- _ASSIGNMENT_
For the entries below, the result should be an exact transcription of the lines from the one with "Kayseri'de Engelliler Sokağa" up to and including the one with "Lainey Jersey Jumpsuit - Black, 2 of 1", and only those.

- _RECORDS FOR THIS TASK_
····················
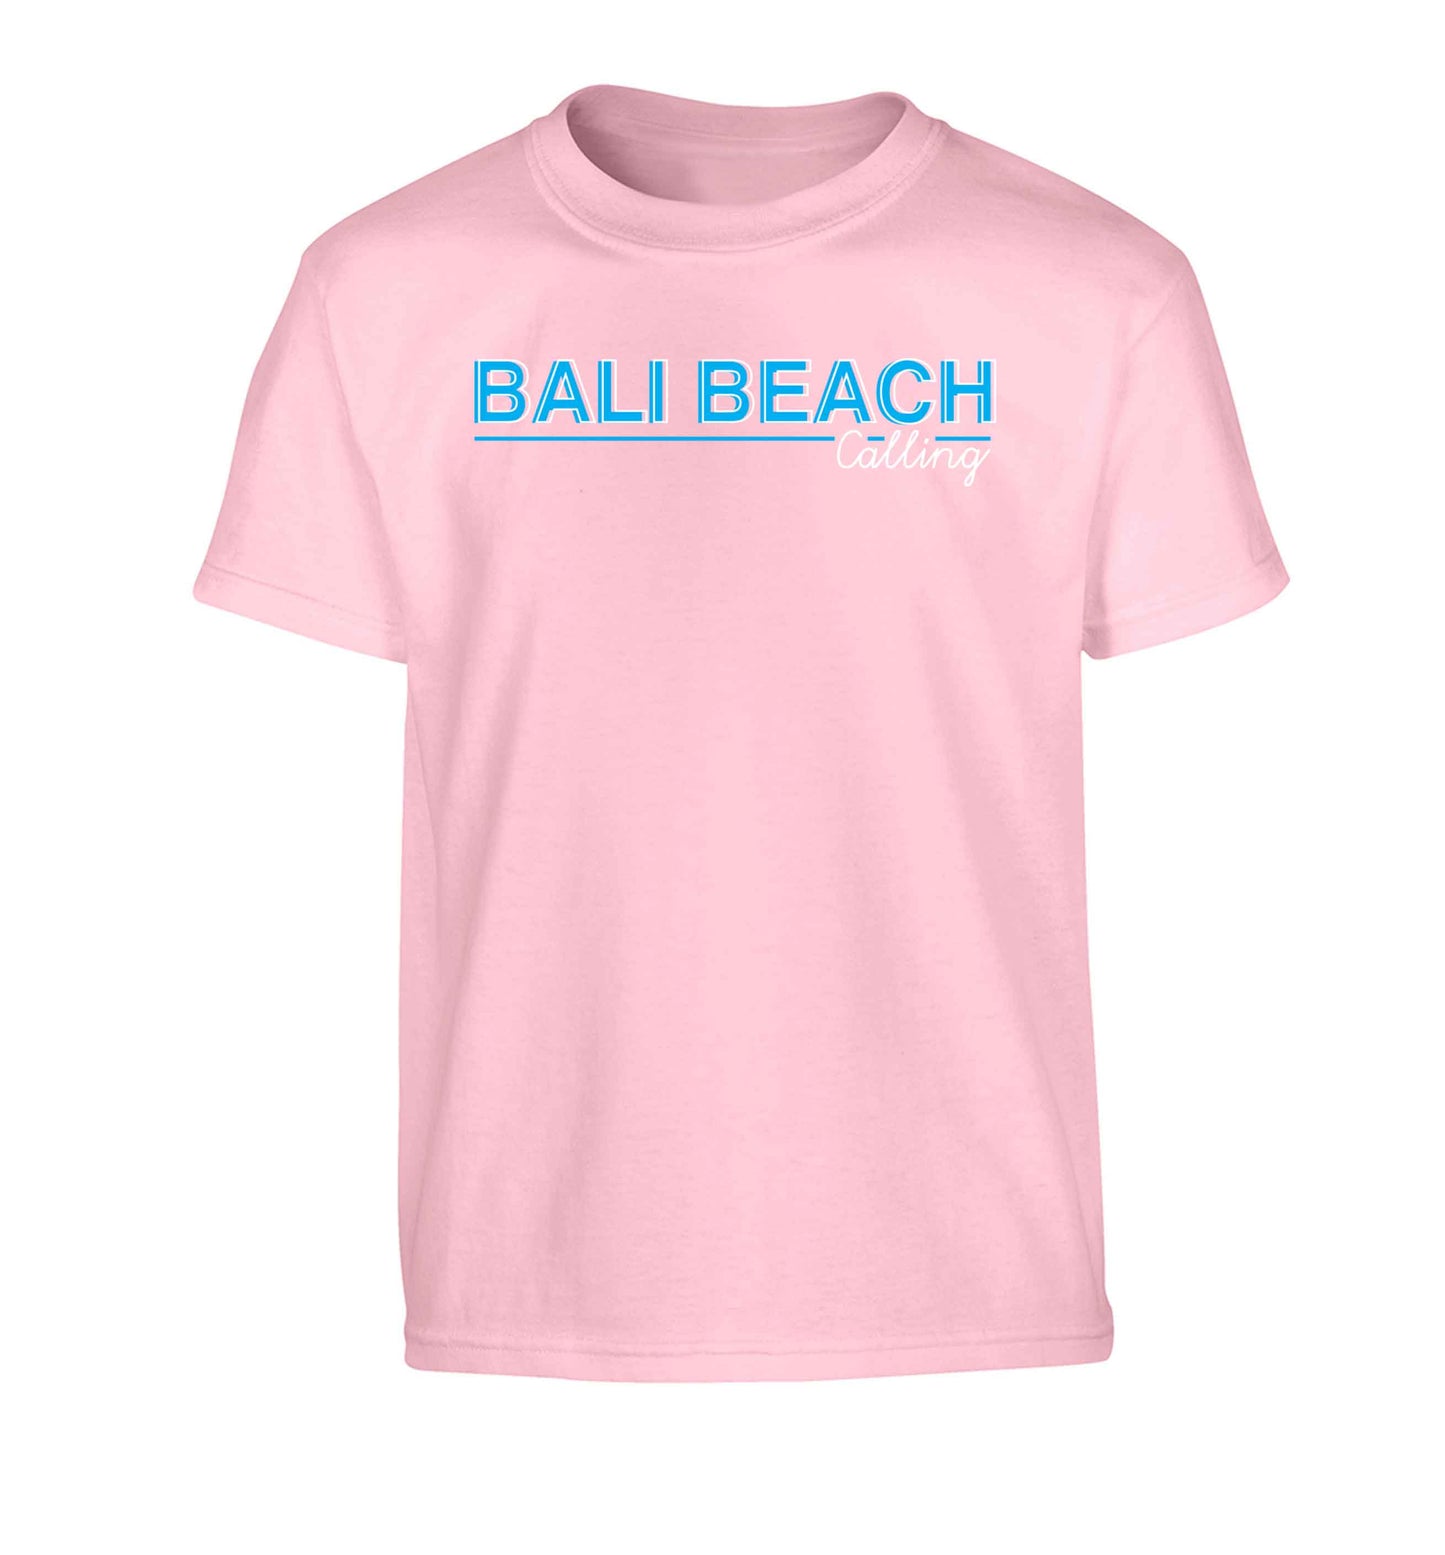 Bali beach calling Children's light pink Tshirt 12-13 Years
····················
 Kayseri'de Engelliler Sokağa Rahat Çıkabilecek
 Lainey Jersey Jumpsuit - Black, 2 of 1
····················
- _ANSWER TO THE PROBLEM_
 Kayseri'de Engelliler Sokağa Rahat Çıkabilecek
 Lainey Jersey Jumpsuit - Black, 2 of 1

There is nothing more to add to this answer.